(What you should do): Leaving out the pictures, copy each record below exactly.

(Stored dataset items)
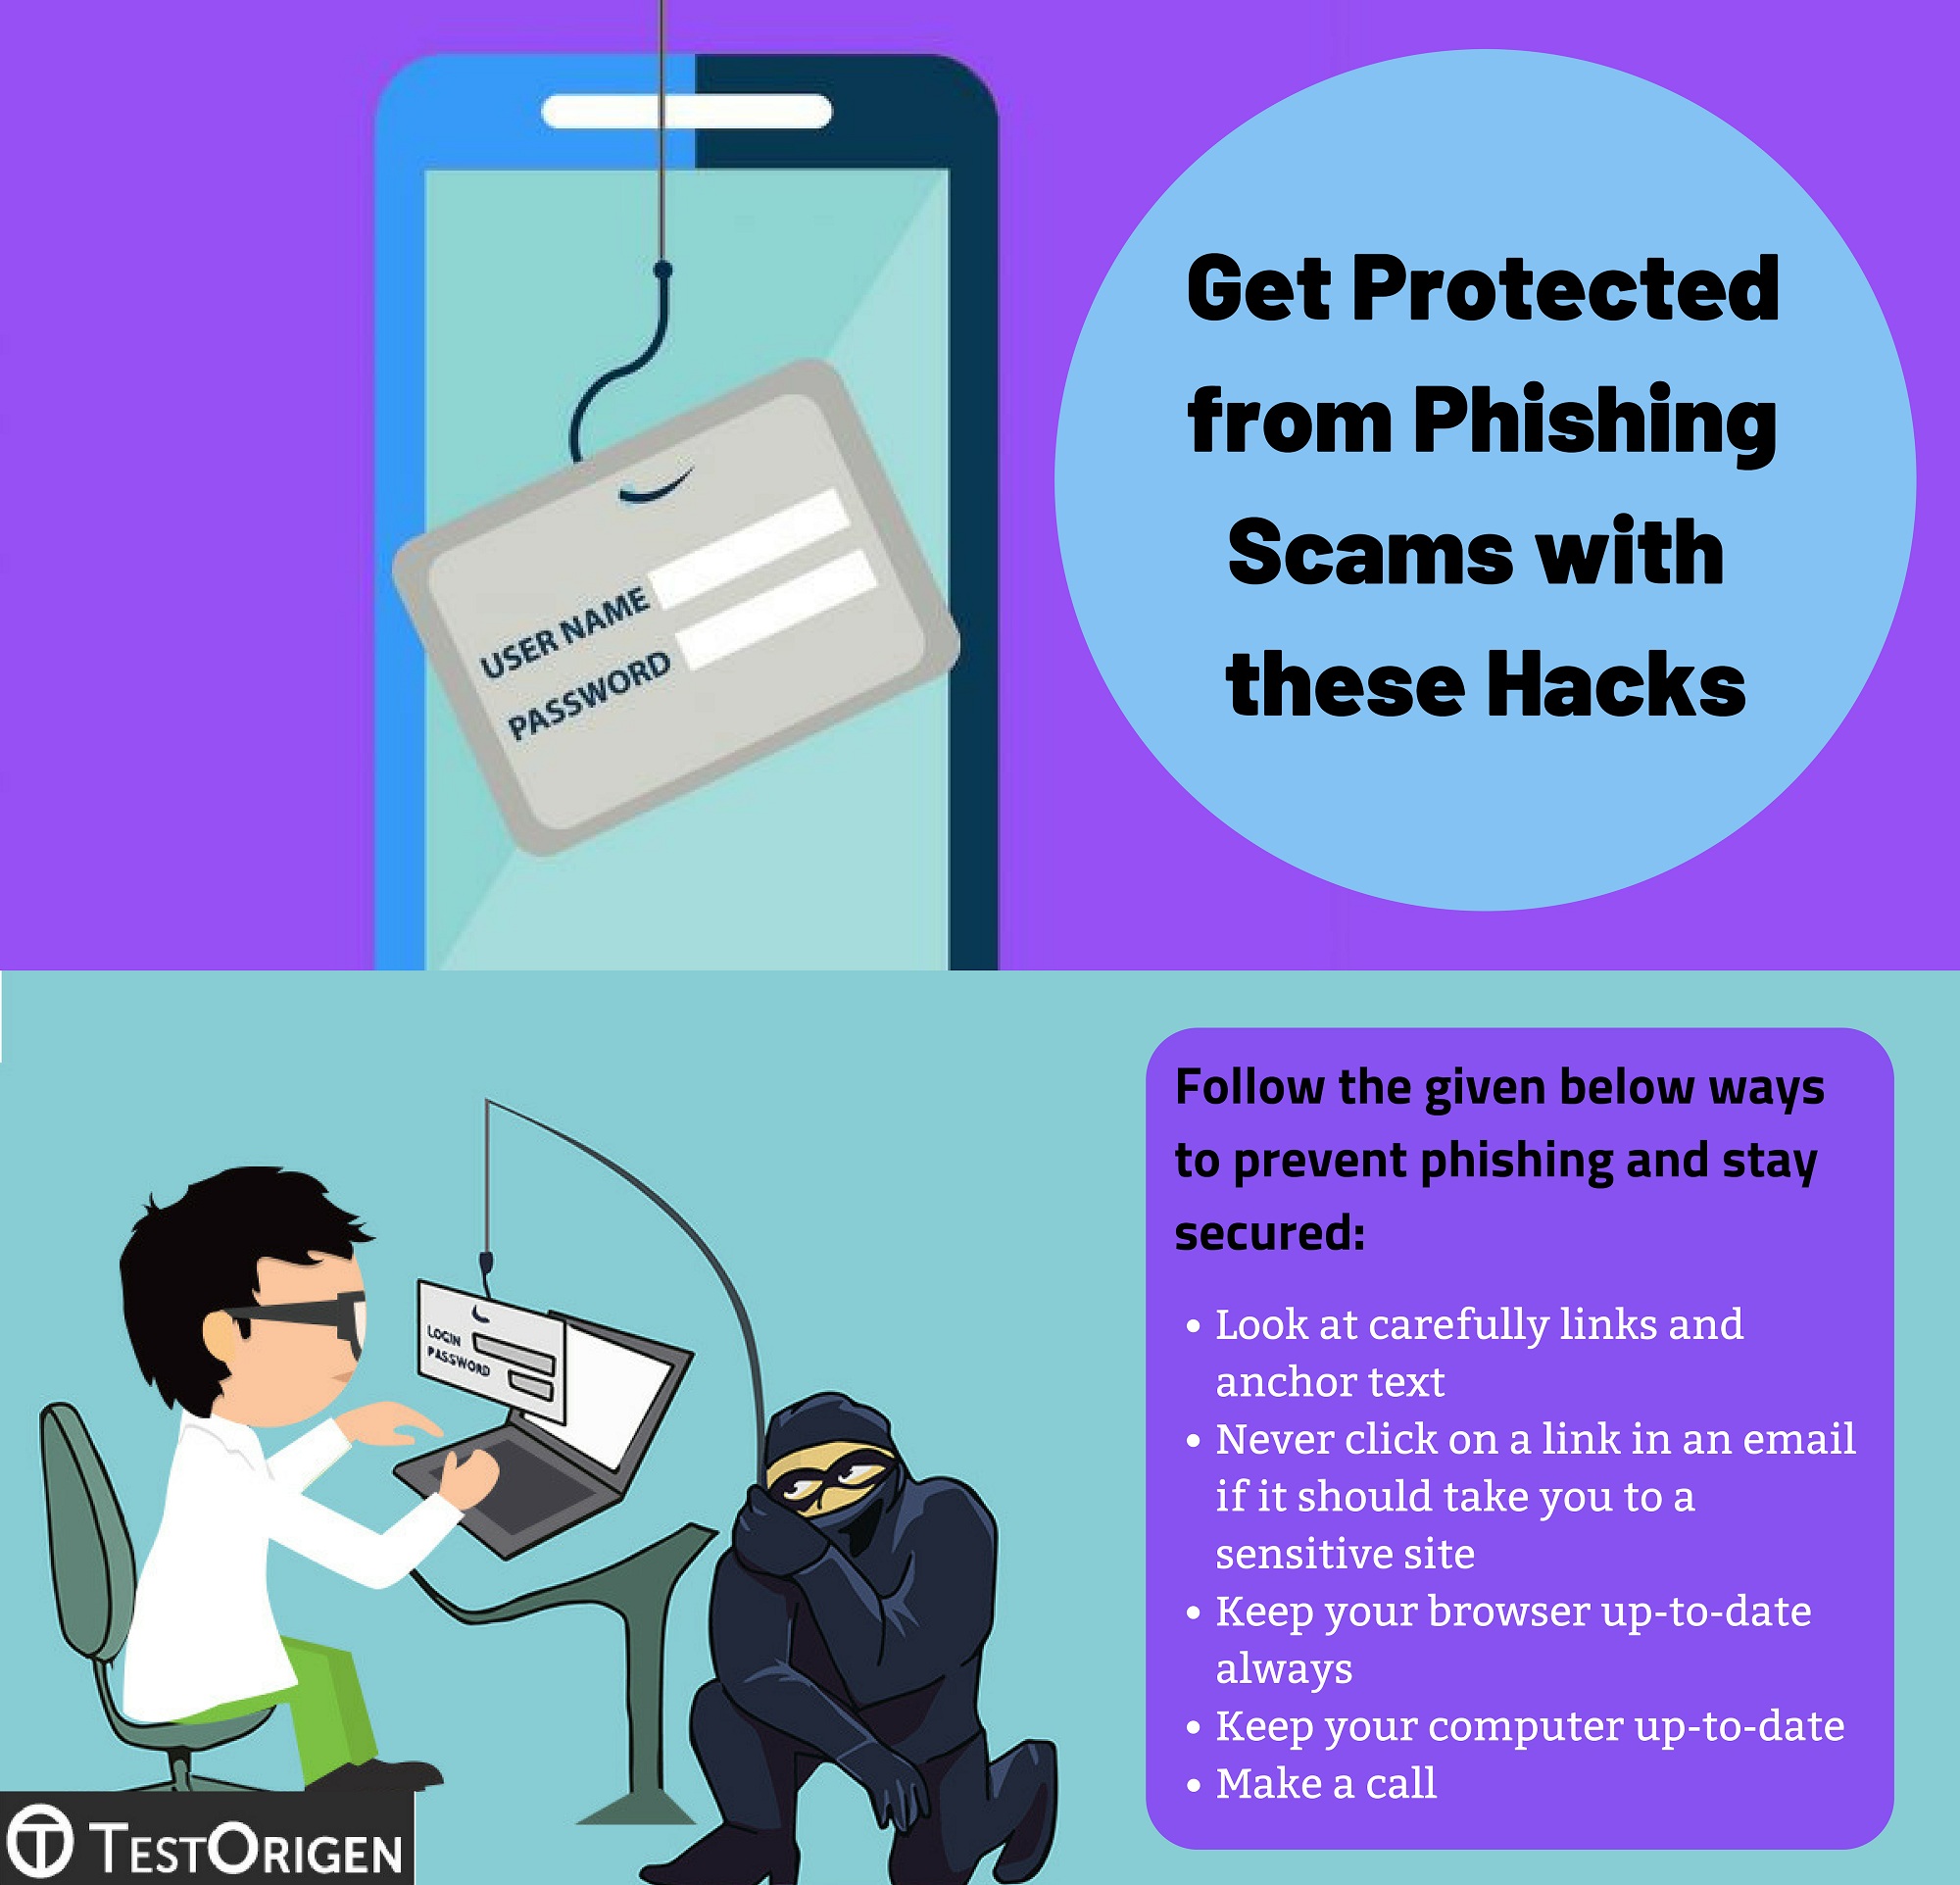 Get Protected from Phishing Scams with these Hacks
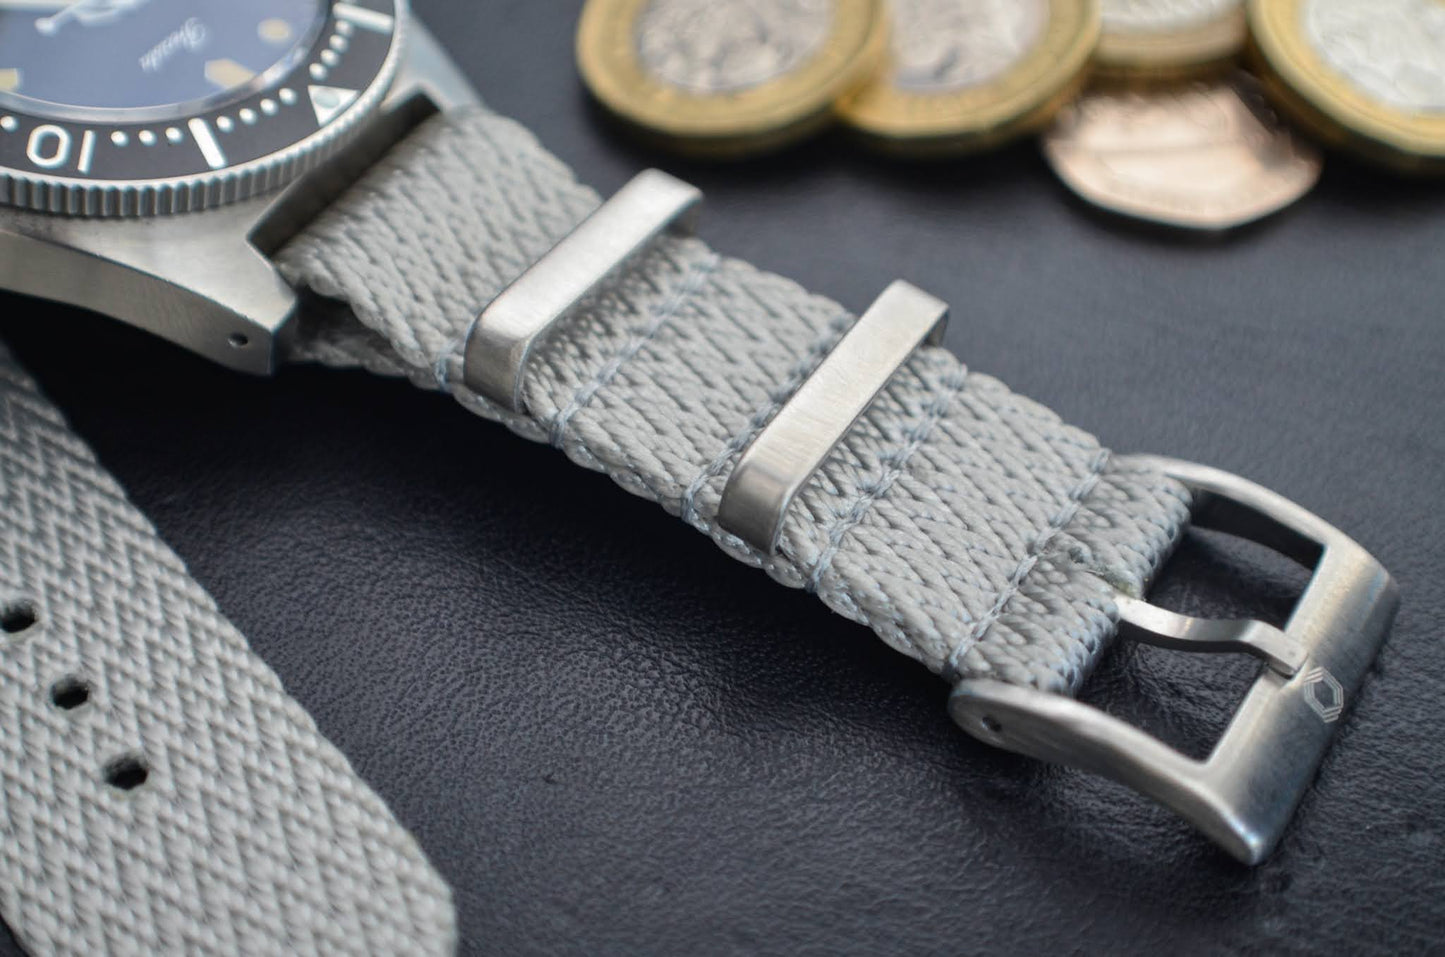 The 'Sir William' - Grey Herringbone patterned military watch strap made of a soft nylon
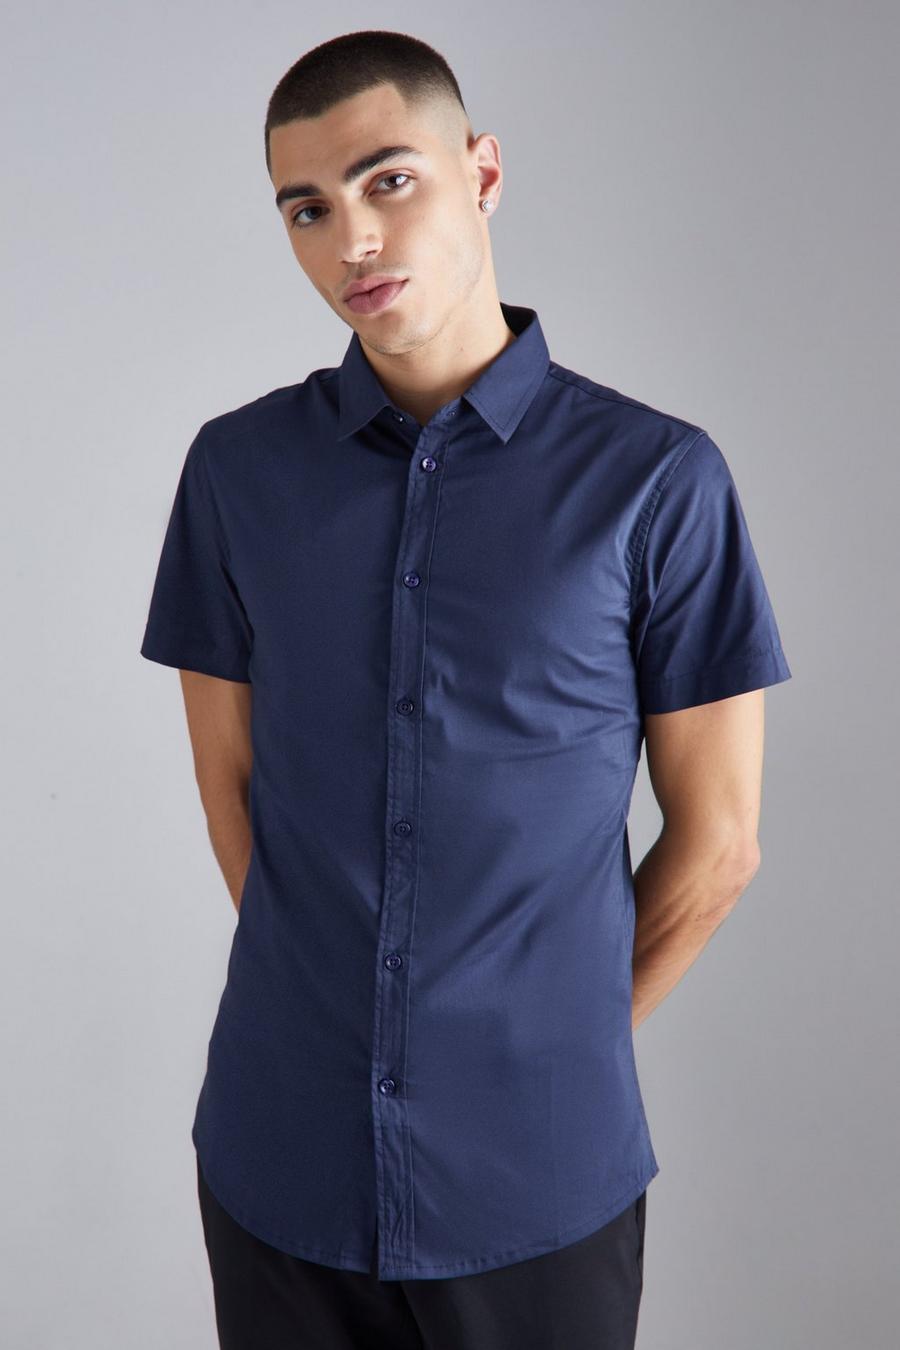 Navy blu oltremare Short Sleeve Muscle Shirt
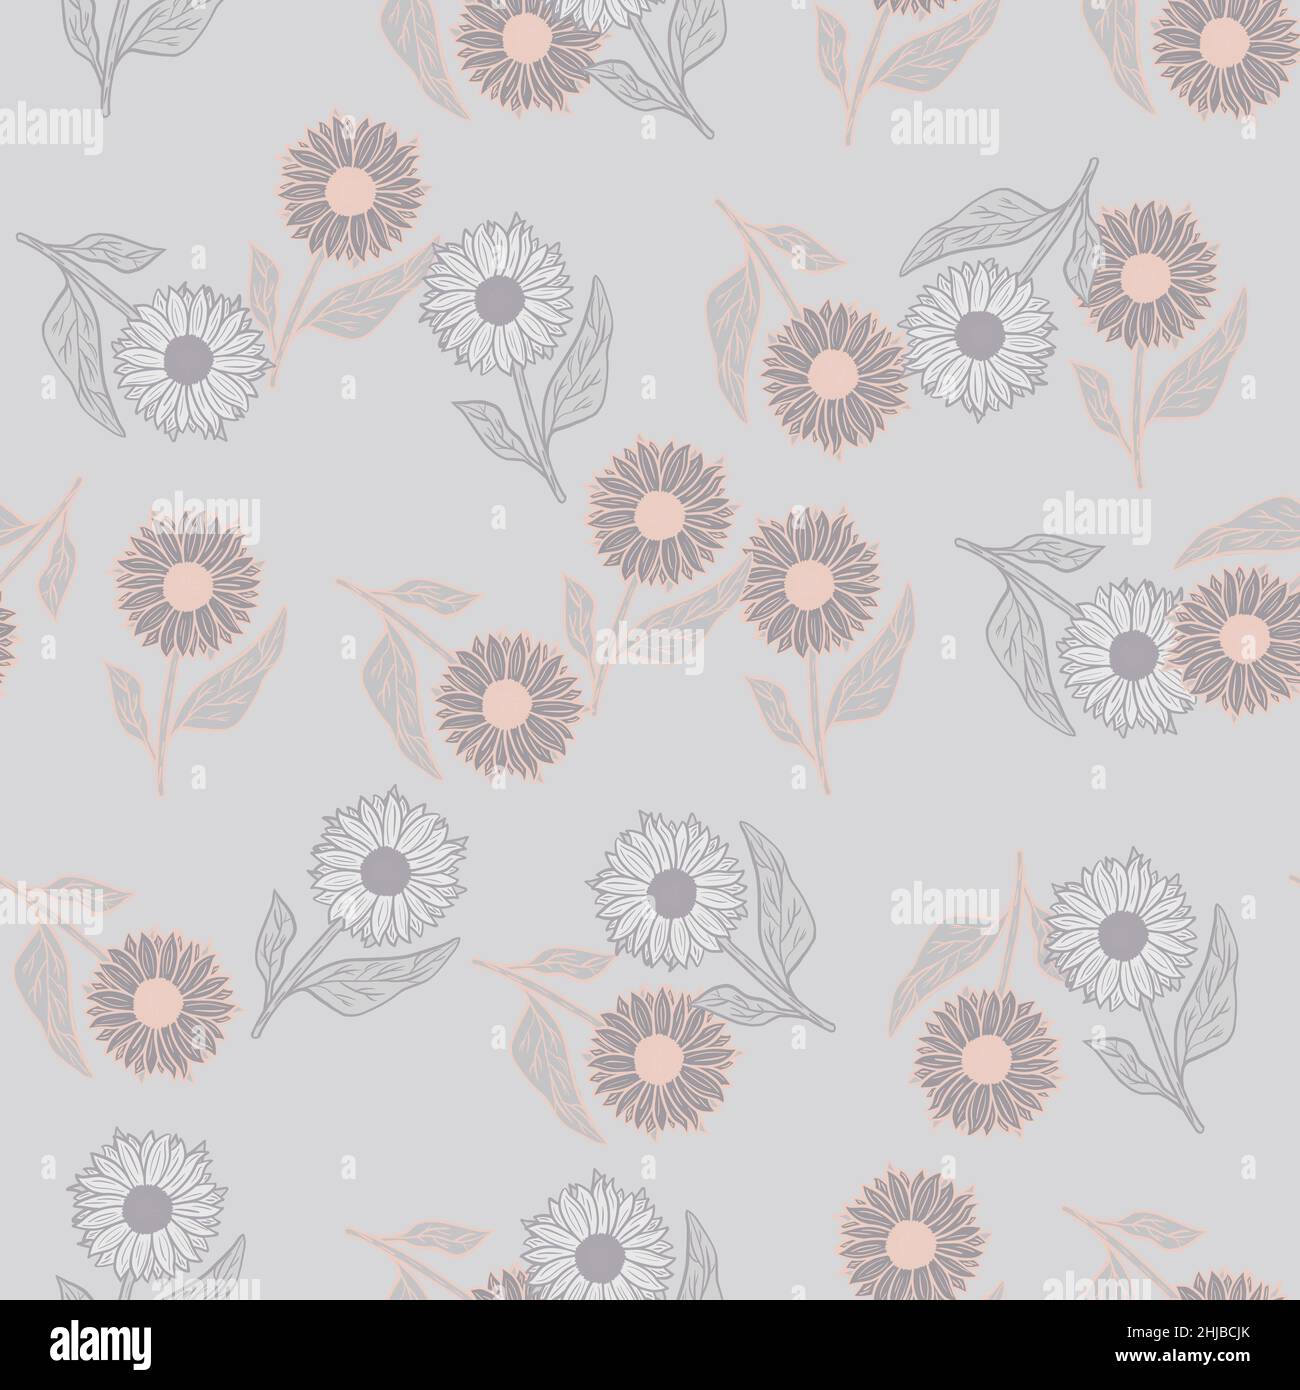 Pale palette seamless pattern with doodle simple sunflowers silhouettes. Scrapbook nature print. Graphic design for wrapping paper and fabric textures Stock Vector
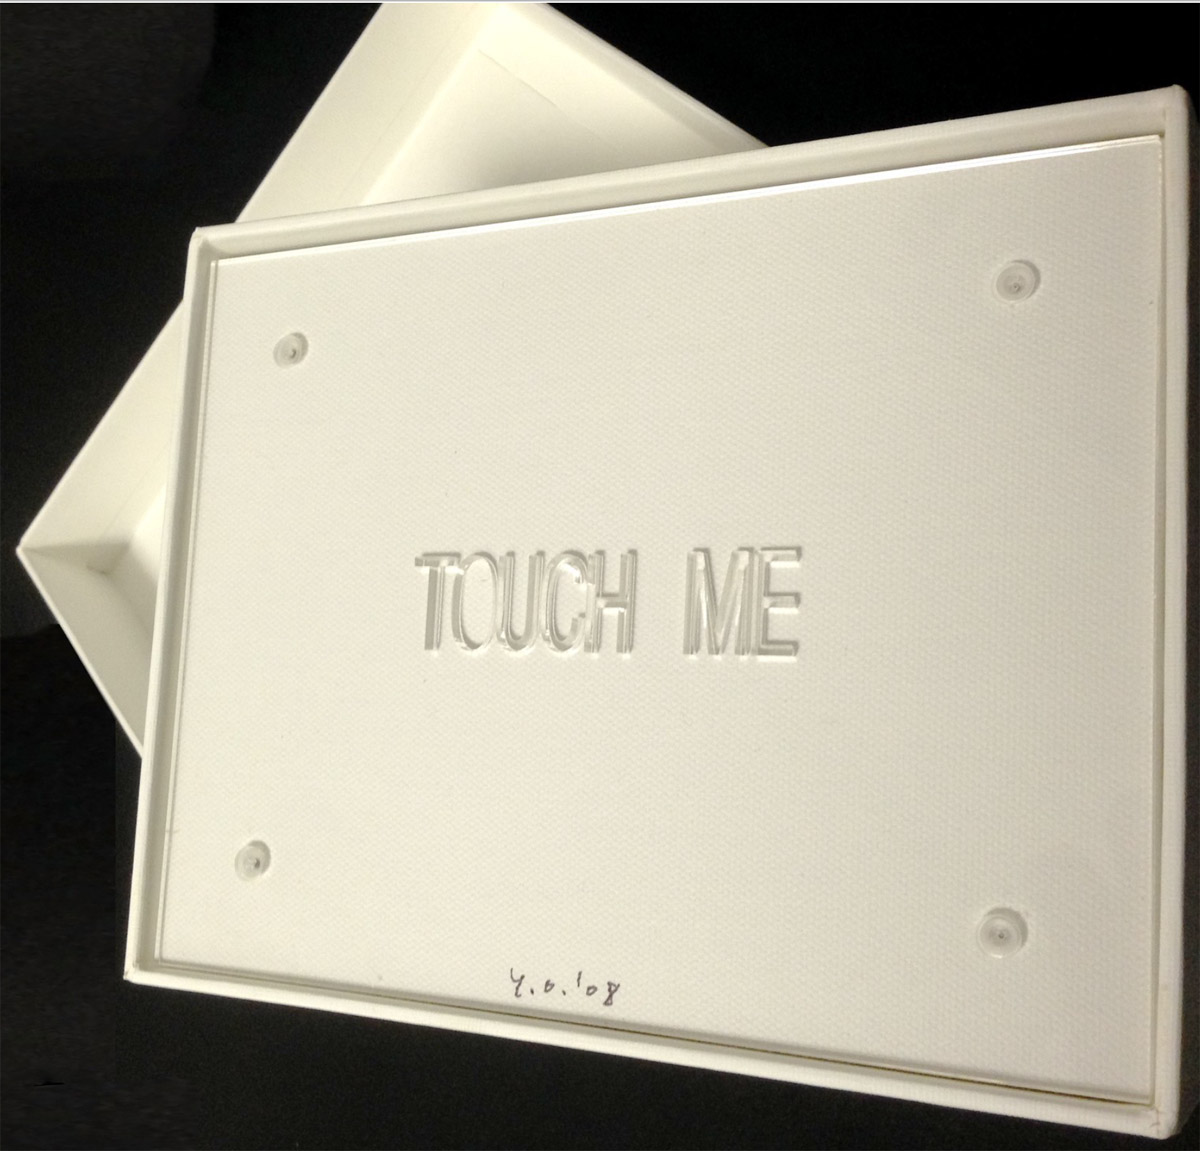 Fig. 20. Yoko Ono, Add Colour Painting: Touch Me, 2008. Ed. 300. Courtesy of Galerie Lelong & Co., New York. © Yoko Ono

(Solution):
 Get Protected from Phishing Scams with these Hacks
 The 'Sir William' - Grey Herringbone patterned military watch strap made of a soft nylon
 Navy blu oltremare Short Sleeve Muscle Shirt
 Pale palette seamless pattern with doodle simple sunflowers silhouettes. Scrapbook nature print. Graphic design for wrapping paper and fabric textures Stock Vector
 Fig. 20. Yoko Ono, Add Colour Painting: Touch Me, 2008. Ed. 300. Courtesy of Galerie Lelong & Co., New York. © Yoko Ono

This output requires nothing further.